Within the subgroup of 238 patients with nondense breasts (ACR A or B), ProFound AI performed significantly better than Transpara (P < .001), and human double-reading performed better than either AI system, with an AUC of 0.99 (95% CI: 0.97, >0.99) versus 0.93 (95% CI: 0.88, 0.96; P = .003) and 0.86 (95% CI: 0.80, 0.90; P < .001), respectively. In the subgroup of 181 patients with dense breasts (ACR C or D), there was no evidence of a difference in performance between the two systems (P = .97), nor with the human readers. Both Transpara and ProFound AI had an AUC of 0.92 (95% CI: 0.88, 0.96) versus 0.96 (95% CI: 0.92, 0.98) for human double-reading. Table 5 shows results based on various operating points chosen for either high sensitivity or high specificity. For Transpara, a rule out-criterion of score 7 or lower yielded 100% (95% CI: 93.8, 100.0) sensitivity and 60.9% (95% CI: 55.7, 66.0) specificity at a negative likelihood ratio of 0. The rule-in criterion of higher than score 9 yielded 96.6% sensitivity (95% CI: 88.1, 99.6) and 78.1% specificity (95% CI: 73.8, 82.5) at a positive likelihood ratio of 4.47 (95% CI: 3.65, 5.47). For ProFound AI, a rule-out criterion of below score 51 yielded 100% (95% CI: 93.8, 100) sensitivity and 67.0% (95% CI: 62.2, 72.1) specificity at a negative likelihood ratio of 0.00. The rule-in criterion of higher than score 69 for ProFound AI yielded 93.1% sensitivity (95% CI: 83.3, 98.1) and 82.0% specificity (95% CI: 77.9, 86.1) at a positive likelihood ratio of 5.25 (95% CI: 4.16, 6.63).
Table 5:
Operating Points at High Sensitivity and High Specificity for Both AI Systems
Discussion
The aim of the present exploratory study was to compare the performance of two commercially available and clinically approved (in Europe and the United States) AI systems for mammography with DBT with one another and with human performance in the real-life clinical setting of asymptomatic patients undergoing mammography with DBT as part of the Austrian Breast Cancer Screening Program.
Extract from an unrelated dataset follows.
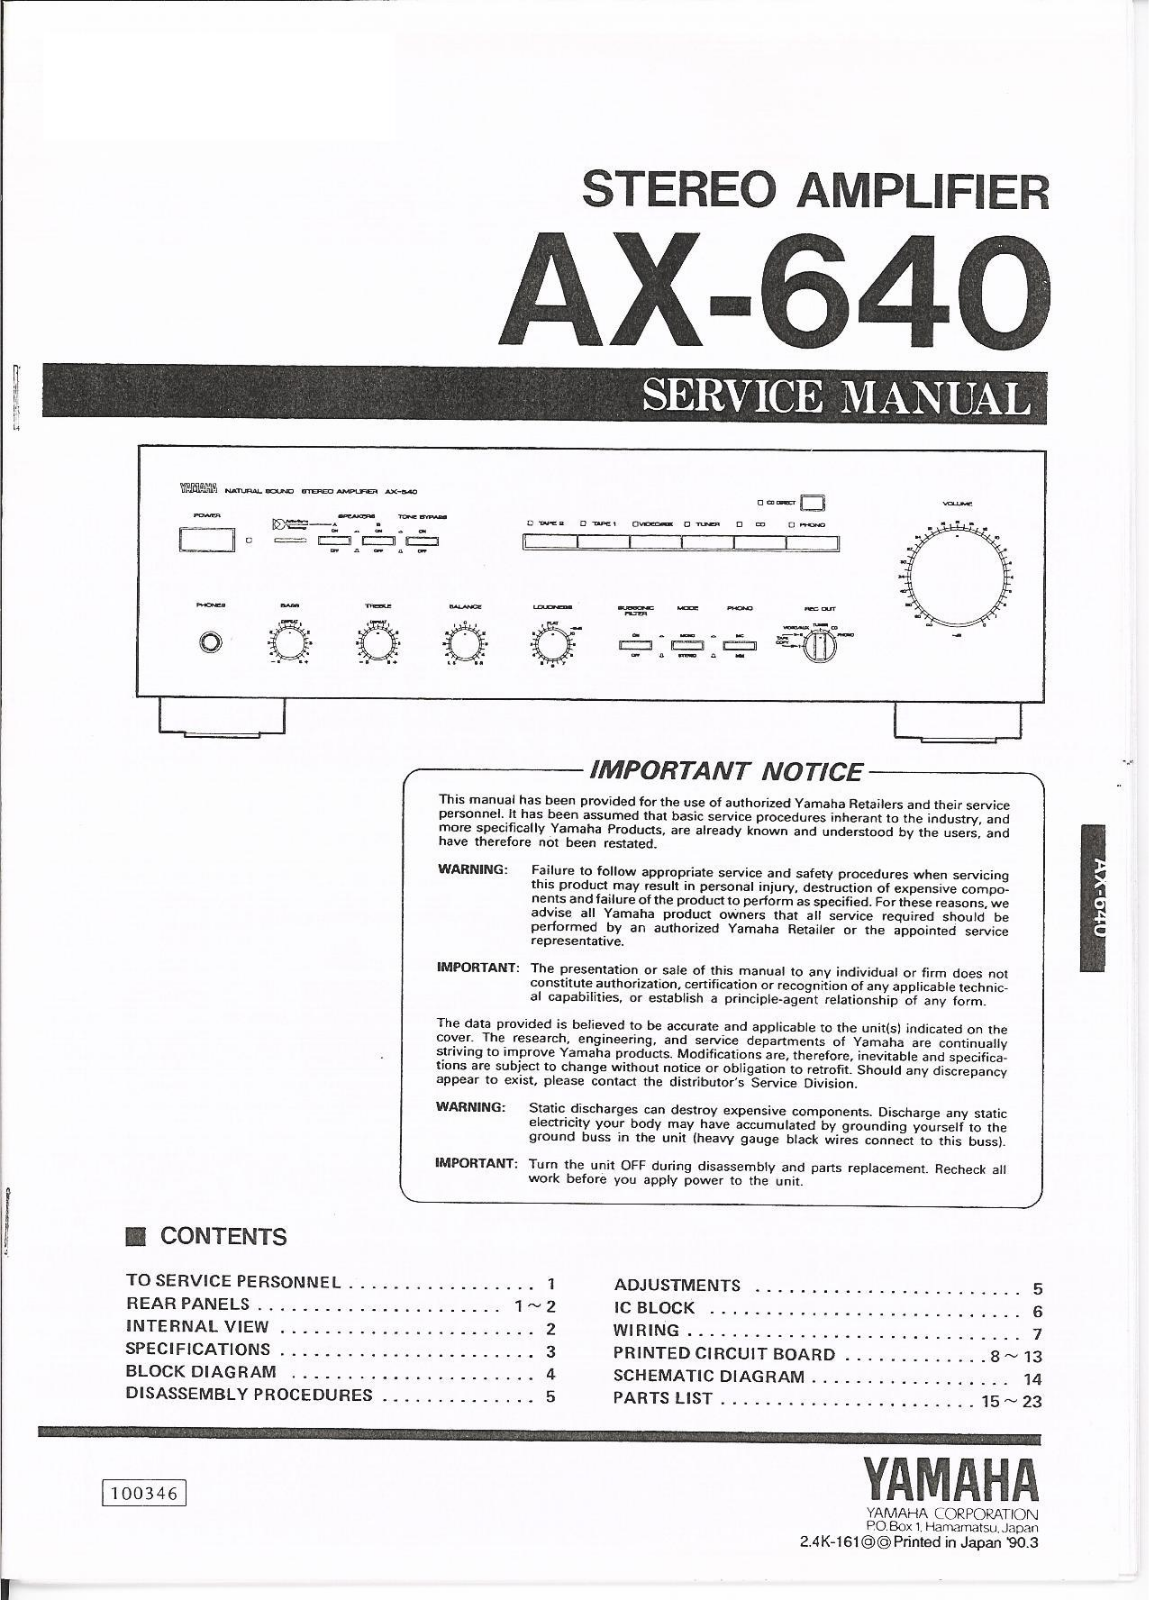 Yamaha AX-640 Service Manual

In this clinical setting, based on standard-of-care human double-reading, biopsy or imaging follow-up was subsequently performed, the results of which were used as the reference standard to evaluate the performance of the AI systems. Results for the human double-reading were well within national screening benchmarks (20) and still outperformed both AI systems. Based on this reference standard, ProFound AI outperformed Transpara (overall AUC, 0.93 and 0.86, respectively; P = .004), particularly in patients with nondense breasts (AUC, 0.93 and 0.86, respectively). Importantly, neither AI system missed any cancer when assigning a low-risk category. Transpara assigned a score of 10 to 78 of 361 benign cases (22%), and ProFound AI assigned a score of 70–100 to 64 of 361 benign cases (18%).
The false-positive findings observed in this study may be due to our mixed study sample, which included many patients who had previously undergone surgery, including lumpectomy, excisional biopsy, or mastopexy or reduction mammoplasty. Of note, neither AI system had the ability to access prior imaging, which would have been beneficial to reduce the number of both false-negative and false-positive findings. According to Olivotto et al (21), the misinterpretation of cancers with somewhat benign features could lead to progression of tumor size and delayed diagnosis, whereas it is not clear if “suspicion bias” has an influence on prognosis.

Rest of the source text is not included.